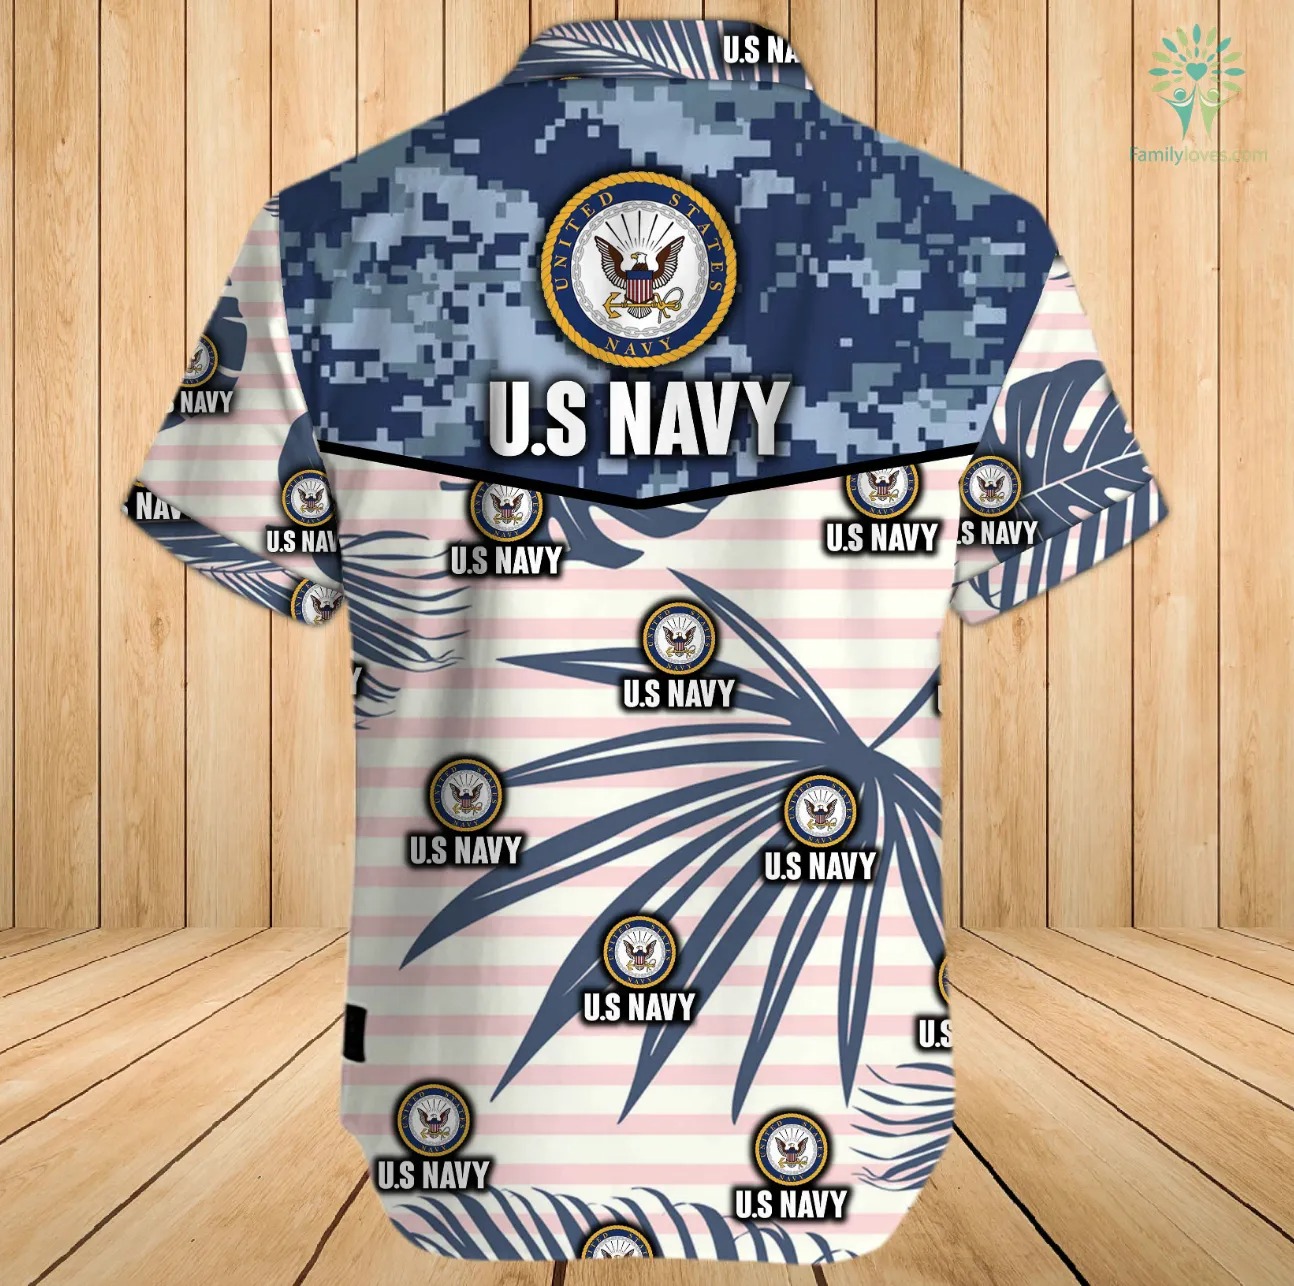 US navy hawaiian shirt and shorts - pic 3
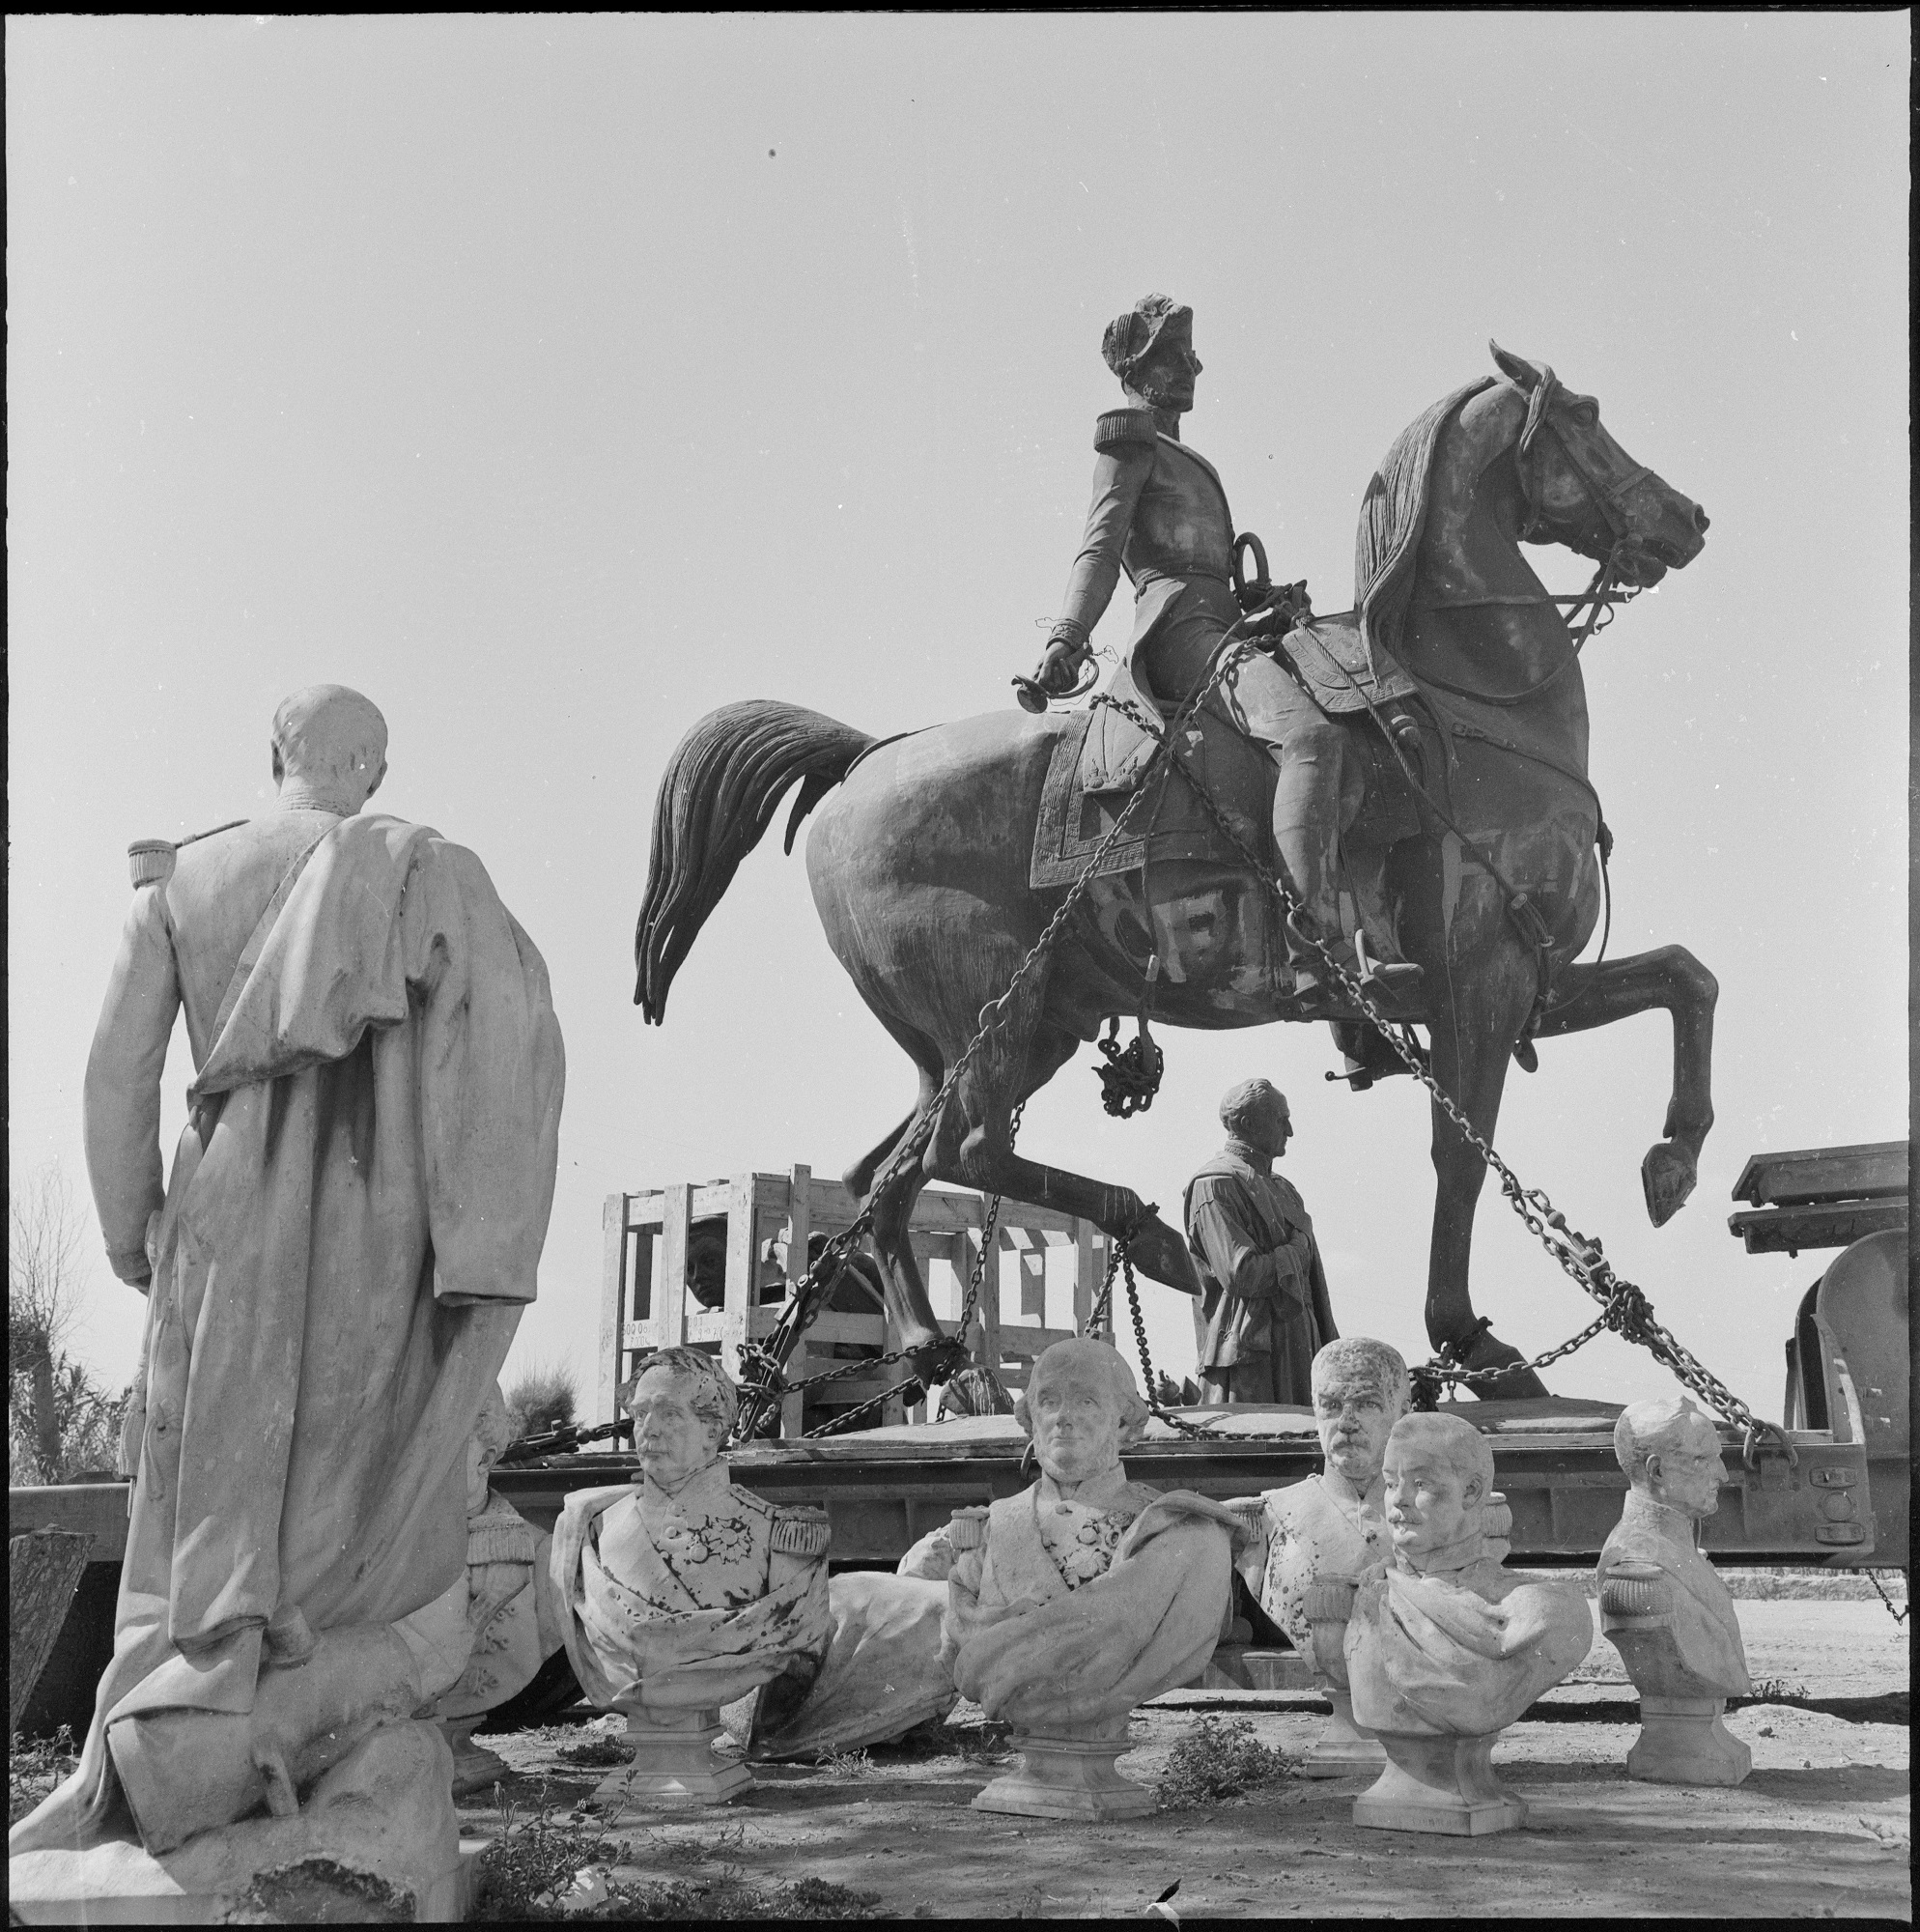 La statue équestre du duc d'Orléans enchaînée sur une remorque en attendant son rapatriement vers la France en jullet 1962 
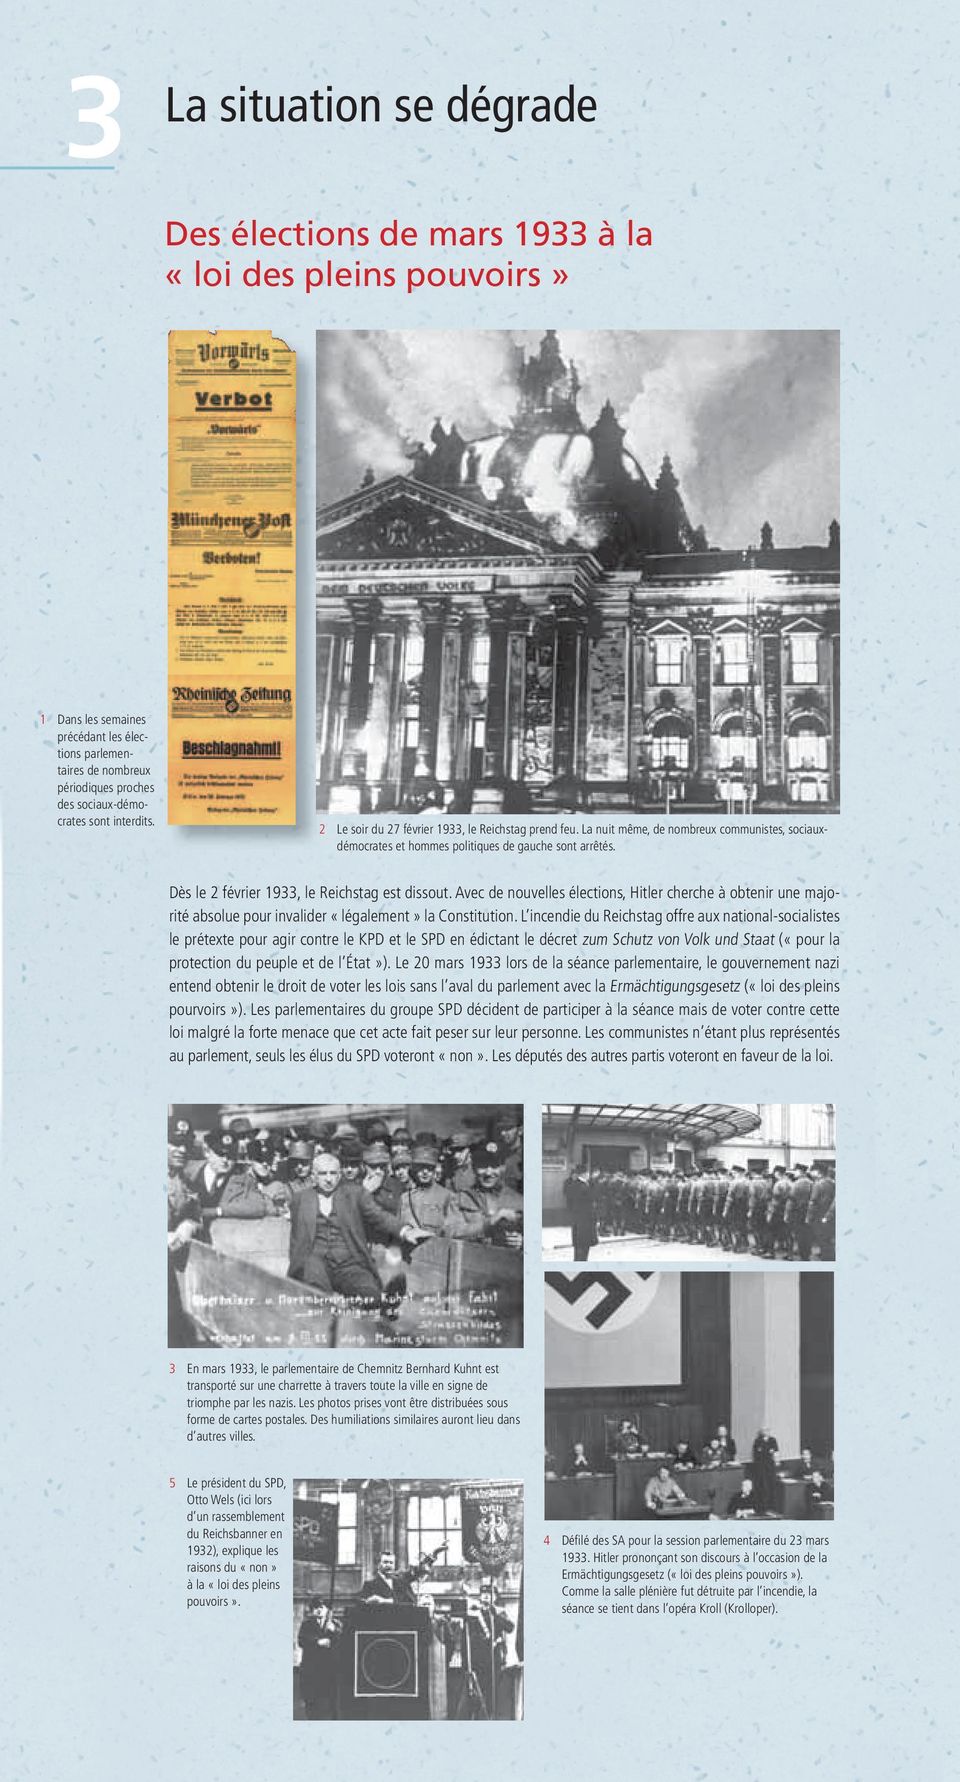 Dès le 2 février 1933, le Reichstag est dissout. Avec de nouvelles élections, Hitler cherche à obtenir une majorité absolue pour invalider «légalement» la Constitution.

------------

Please retype the material above exactly, and omit its images.

 US navy hawaiian shirt and shorts - pic 3
 La statue équestre du duc d'Orléans enchaînée sur une remorque en attendant son rapatriement vers la France en jullet 1962 
 Dès le 2 février 1933, le Reichstag est dissout. Avec de nouvelles élections, Hitler cherche à obtenir une majorité absolue pour invalider «légalement» la Constitution.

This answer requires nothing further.